Yapılanma, devlet üniversitelerinde
Ankara, Hacettepe, Orta Doğu Teknik üniversitelerinde "Halk Cephesi, Öğrenci Kolektifleri, YDG-H, SGDF" gibi isimler altında çeşitli oluşumlar bulunuyor. Bu oluşumlarda 30-50 kişilik çekirdek kadro, öğrencilerin gruba kazandırılması ve etkinliklere katılmaları için faaliyet yürütüyor.
Üniversite yerleşkesinde pankart asıp, duvarlara yazı yazan ve bildiri dağıtan bu kadrodaki her örgüt üyesi, bulundukları üniversitedeki öğrencileri kendi saflarına çekmek için adeta birbirleriyle yarışıyor.
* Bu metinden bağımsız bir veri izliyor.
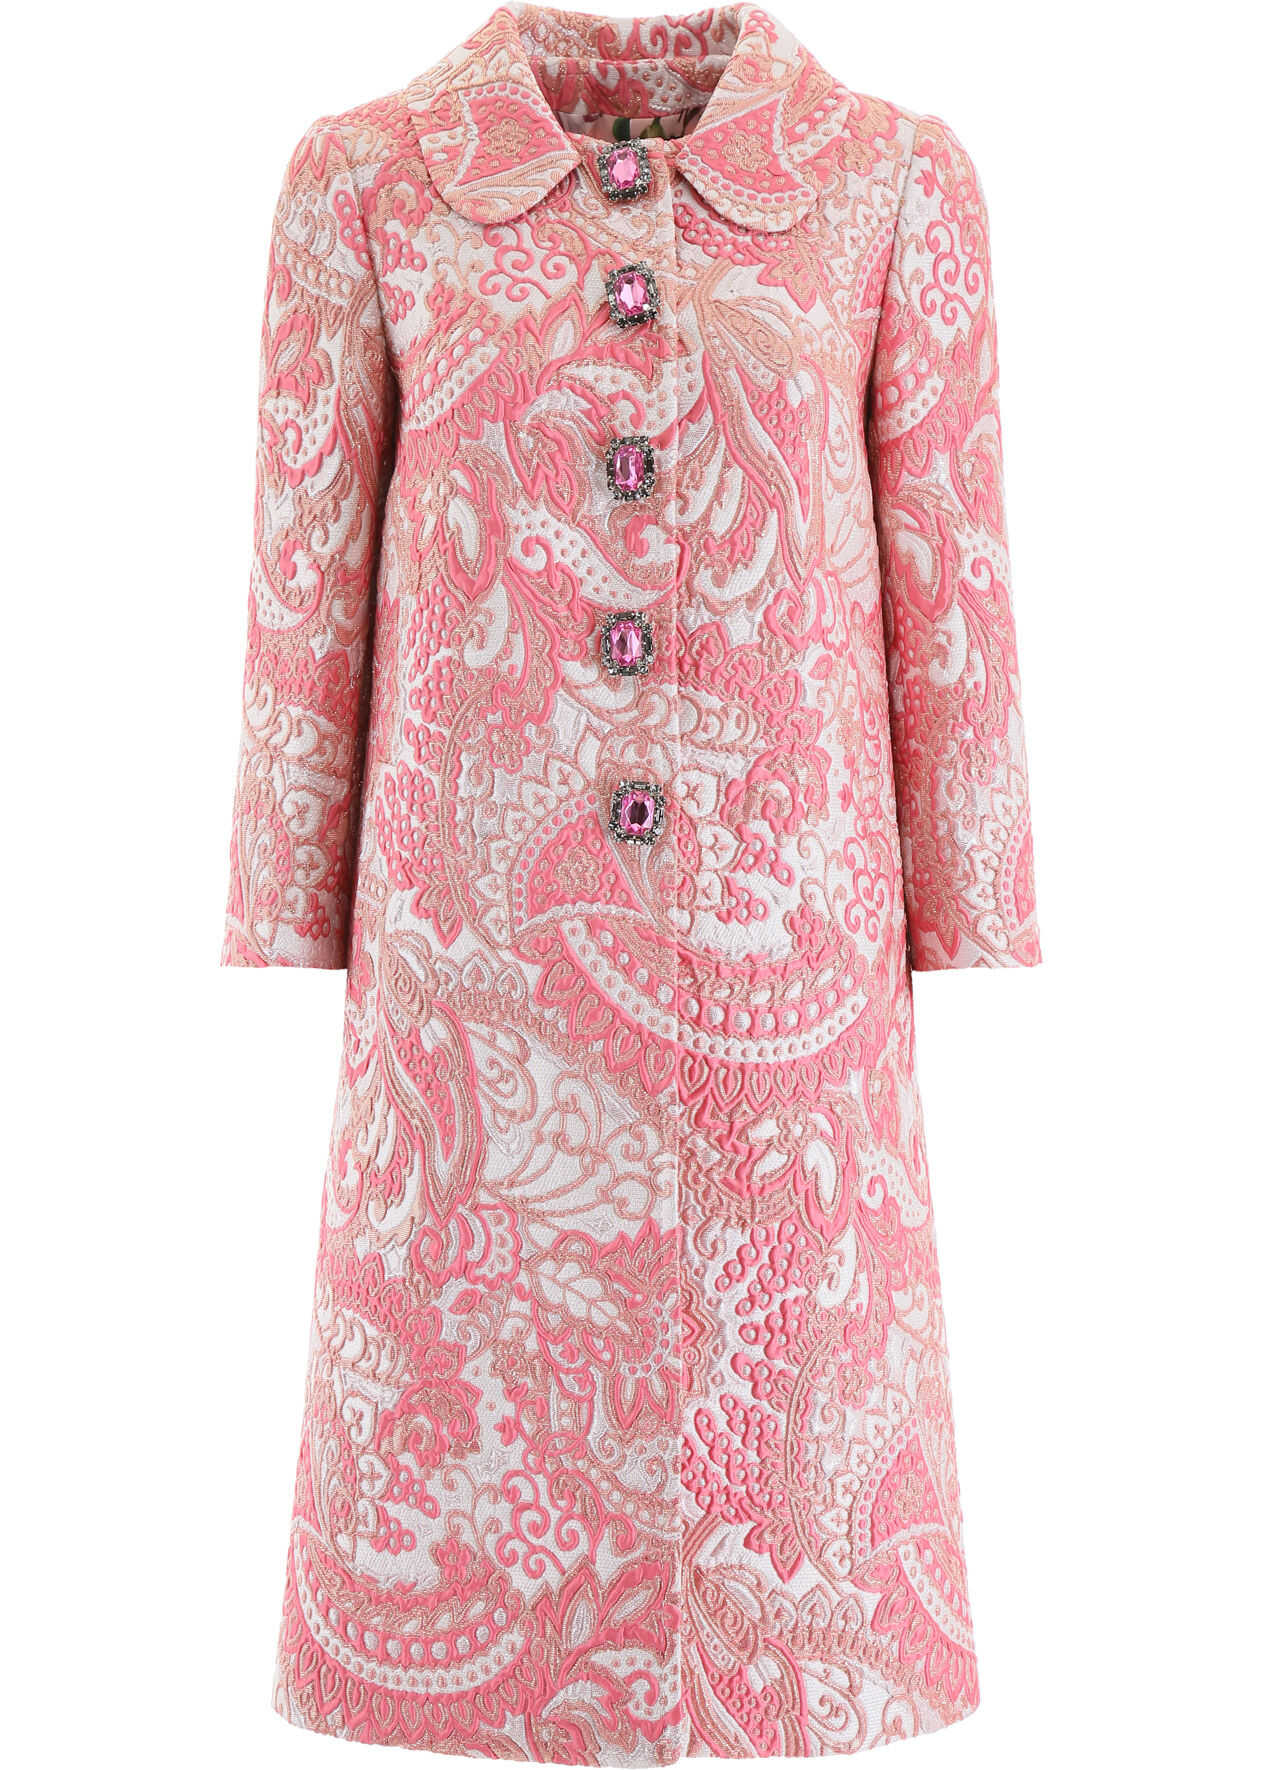 Dolce & Gabbana Lurex Jacquard Coat JACQUARD

Bu yarışta gruplar bazen birbirlerine destek olurken, bazen de hakimiyet kavgaları yaşanıyor.
Öğrenciler, görüşleri kendisinden farklı diye aynı üniversitede birlikte okudukları arkadaşlarını zaman içinde düşman gibi görmeye başlıyor.
Özel güvenlik sadece kimlik kontrolü yapıyor
Son dönemde öğrencilerin karşı karşıya gelmemesi için üniversite yetkilileri çeşitli önlemler almaya çalışıyor.
Yerleşke girişlerinde özel güvenlik görevlileri tarafından yabancıların okula girmemesi için kimlik kontrolleri yapılsa da dil ve tarih-coğrafya fakültesi gibi aynı yerleşkede okuyan farklı görüşteki öğrenciler, bu sefer de içeride karşı karşıya geliyor.
Çıkan kavgaları ayırmak için üniversite yöneticilerinin izniyle polisler, okula girerek müdahale ediyor. Okul dışında ise güvenlik şube ve çevik kuvvet ekipleri önlem alıyor.
Aynı okulda çıkan kavganın sonunda grupların, çevik kuvvet polisi nezaretinde ya farklı zamanlarda ya da farklı kapılardan çıkarılarak tekrar karşı karşıya gelmeleri engelleniyor.